Resources now are rightsized, and no new or additional layoffs, yard closings or other reductions are in the offing, says Ottensmeyer.

"We need to be on our toes and be ready for when volumes return. We can't cut too deep," he says. "We need to keep resources close so if we see some rebound, we are prepared."

In April, KCS leaders had proposed two financial performance scenarios based on the pandemic's impact. One assumed a 15 percent revenue decline in Q2 followed by 10 percent and 5 percent drops in Q3 and Q4, respectively. The other scenario proposed a more dramatic revenue decline of nearly 30 percent in Q2 — which would equal KCS' worst quarter during the 2009 recession — followed by the same declines of 10 percent and 5 percent in the succeeding quarters.

What could help offset those models is grain traffic that's expected to pick up by this month; food shipments that have been steady and might slowly increase; auto volume that is poised to tick up as production plants now slowly resume production; and intermodal movements that could begin to climb as consumer demand rises in the United States and Mexico.

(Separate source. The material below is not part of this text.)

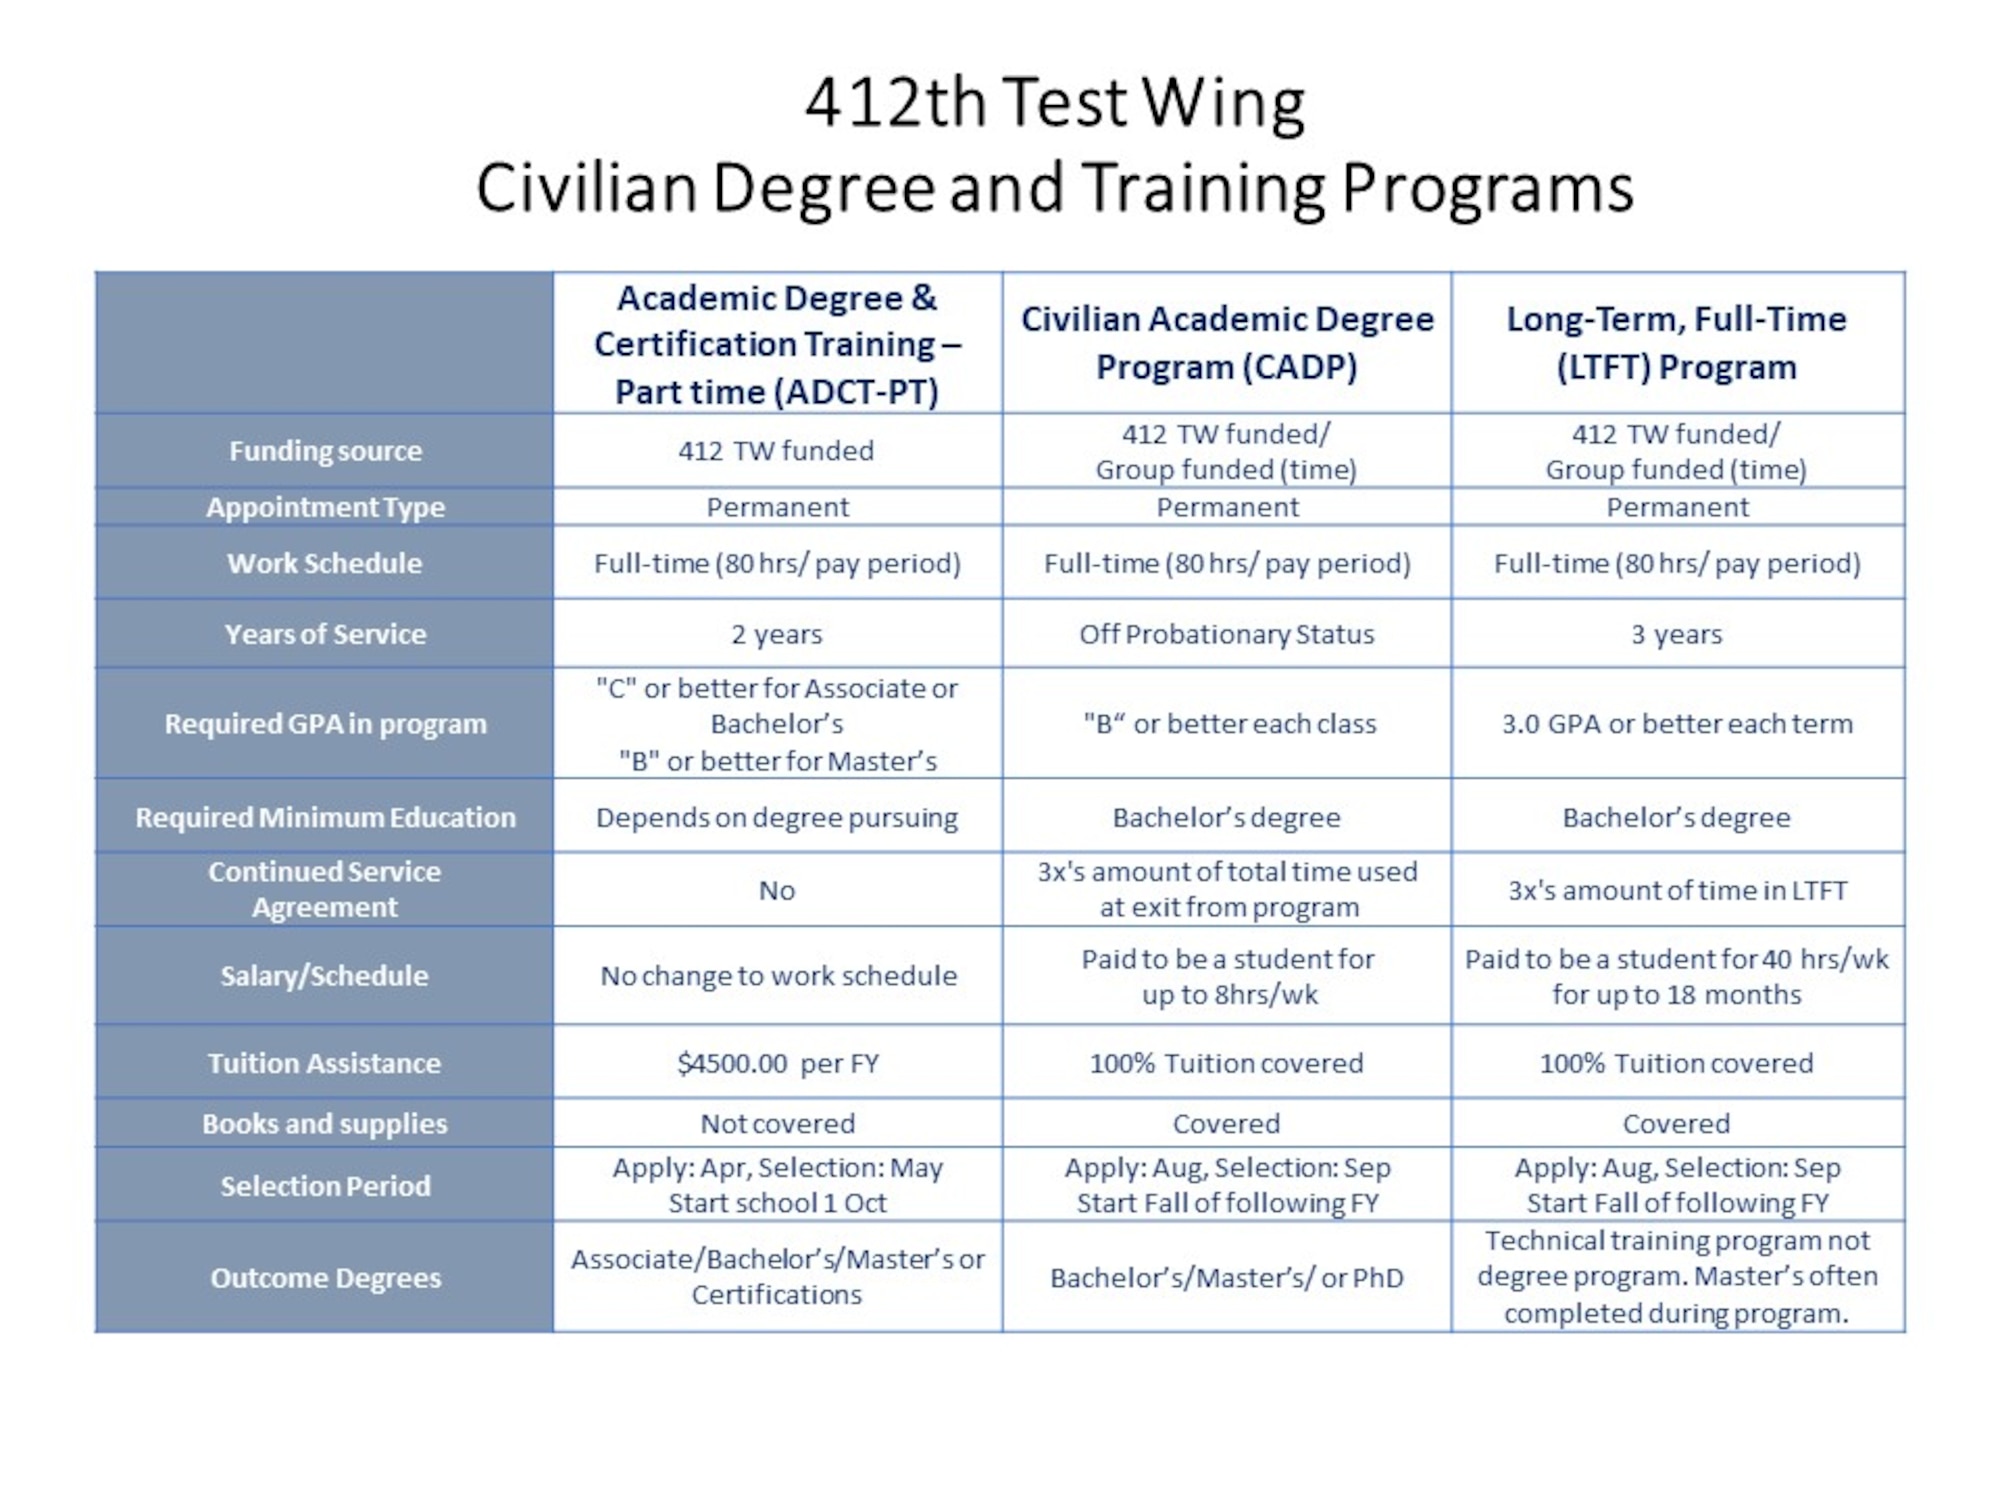 The 412th Test Wing recently made changes to the Civilian Degree and Training Programs with the addition of a new tuition assistance program, the Civilian Academic Degree Program. The 412th TW now has three programs augmenting the Air Force Civilian Tuition Assistance Program: Academic Degree & Certification Training, and Long-Term, Full-Time Program, and the new CADP.

And, of course, quite a few traffic segments could gain a boost from the USMCA. But it's hard — and foolish — to try to make any projections due to the pandemic, says Ottensmeyer.

Although COVID-19 has tempered some of the excitement surrounding the USMCA, it's very encouraging that many of KCS' customers likely will build more North American-concentrated supply chains, he says. That would help the Class I eventually seize some of its long-term growth opportunities with autos and auto parts, refined petroleum products, cement and other traffic in Mexico.

"This ought to be a watershed North American moment with the USMCA. Still, you wonder what will life be like on July 1," says Ottensmeyer. "But railroads are in the thick of it and will play a part in it."